具体的には、式(16)で表される化合物をジメチルスルホキシド(DMSO)で80mg/mLに溶解し、さらに注射用水で5.1mg/mLに希釈したのち、等量の不完全フロイントアジュバント(IFA)と混合しエマルション化させた。エマルション化させた化合物を、マウスの尾根部皮内に130μg/siteで2箇所投与した。1週間後に、マウスをCO2ガスにより安楽死させたのち脾臓を摘出し、脾細胞を調製した。IFNγ産生の測定には、IFNγ ELISPOT assay kitを用いた。脾細胞調製の前日に、ELISPOTプレートを抗マウスIFNγ抗体で処理し、当日に10%FBSを含むRPMI1640培地でブロッキングした。調製したHLA−A0201遺伝子導入マウス由来の脾細胞を0.125×106cells/wellで、ブロッキングしたELISPOTプレートに播種した。
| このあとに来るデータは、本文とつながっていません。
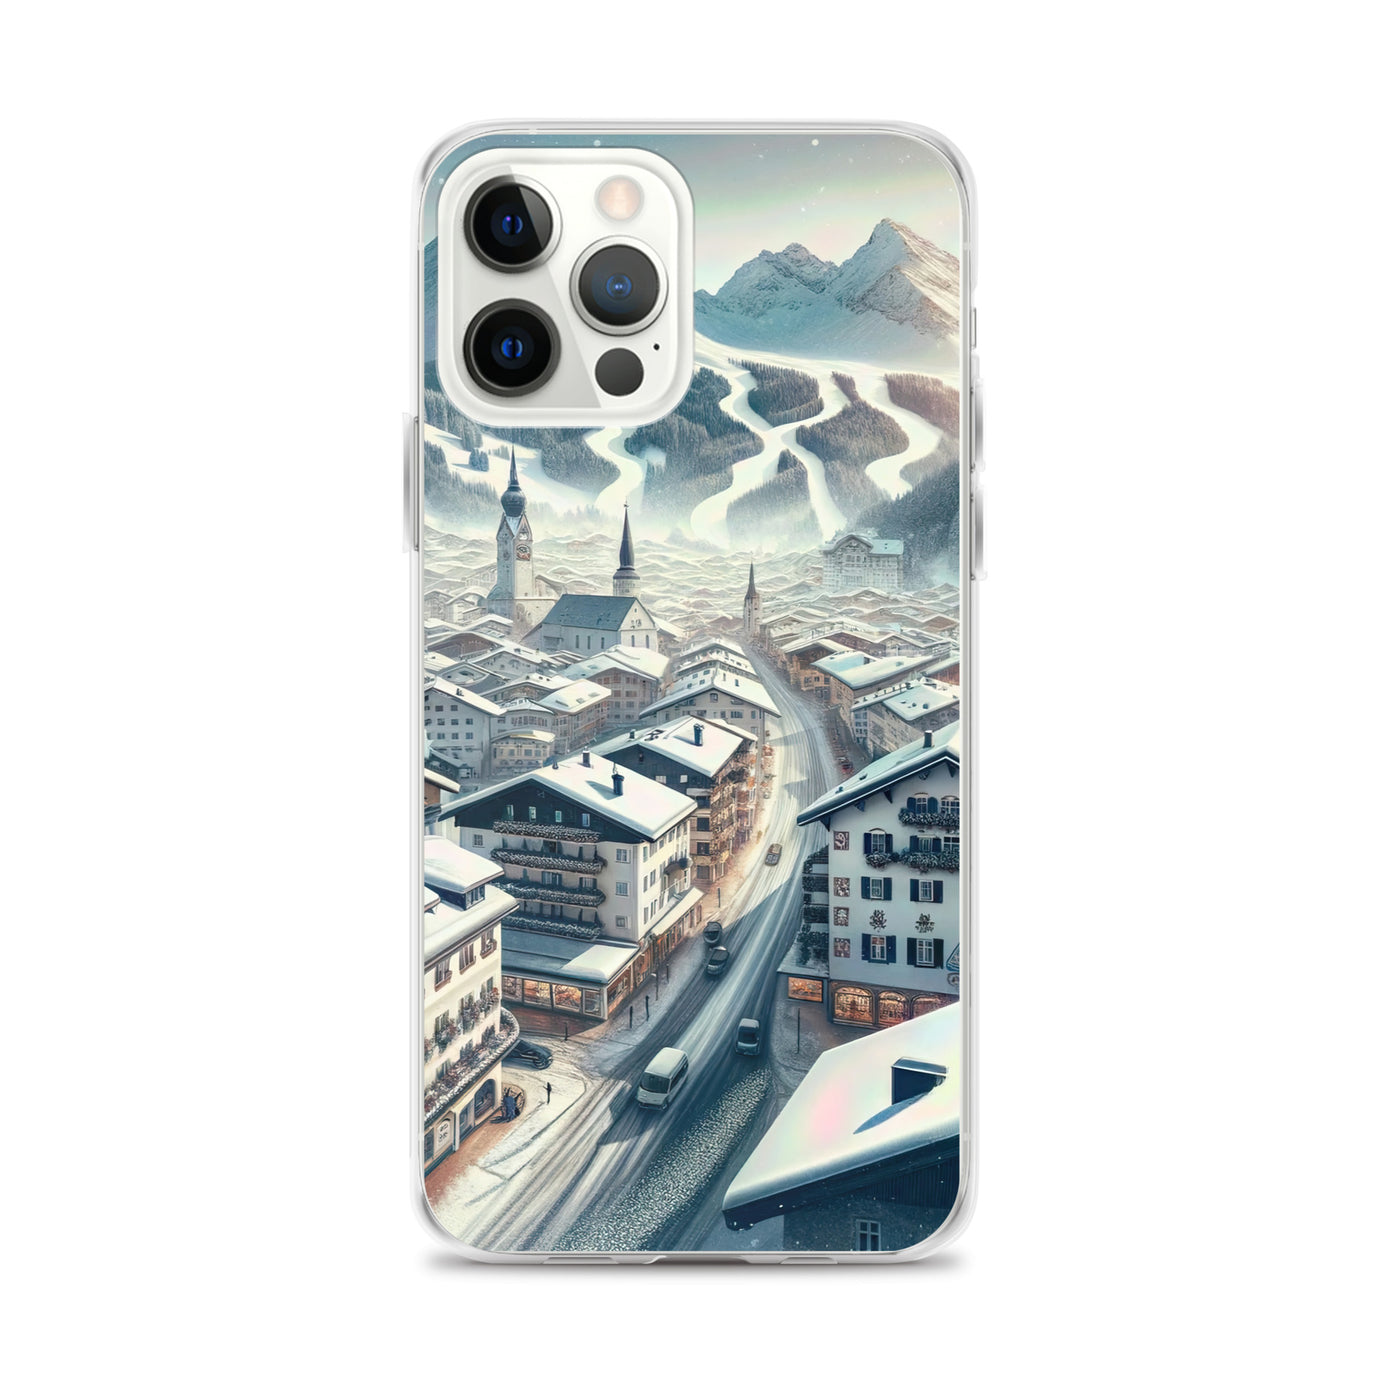 Winter in Kitzbühel: Digitale Malerei von schneebedeckten Dächern - iPhone Schutzhülle (durchsichtig) berge xxx yyy zzz iPhone 12 Pro Max

ペプチド(配列番号:53)をDMSOで40mg/mLに溶解し、さらに10%FBSを含むRPMI1640培地で40μg/mLに希釈した。HLA−A0201遺伝子導入マウス由来の脾細胞を配列番号:53で表される希釈ペプチド(最終濃度10μg/mL)でパルスし、19時間、37℃、5% CO2下で培養することで、in vitroにおけるペプチド再刺激を加えた。培養後に上清を除き、ELISPOTプレートを、添付のプロトコールに従って発色させた。発色したスポット数は、ImmunoSpot Analyzer(C.T.L.社製)によって測定した。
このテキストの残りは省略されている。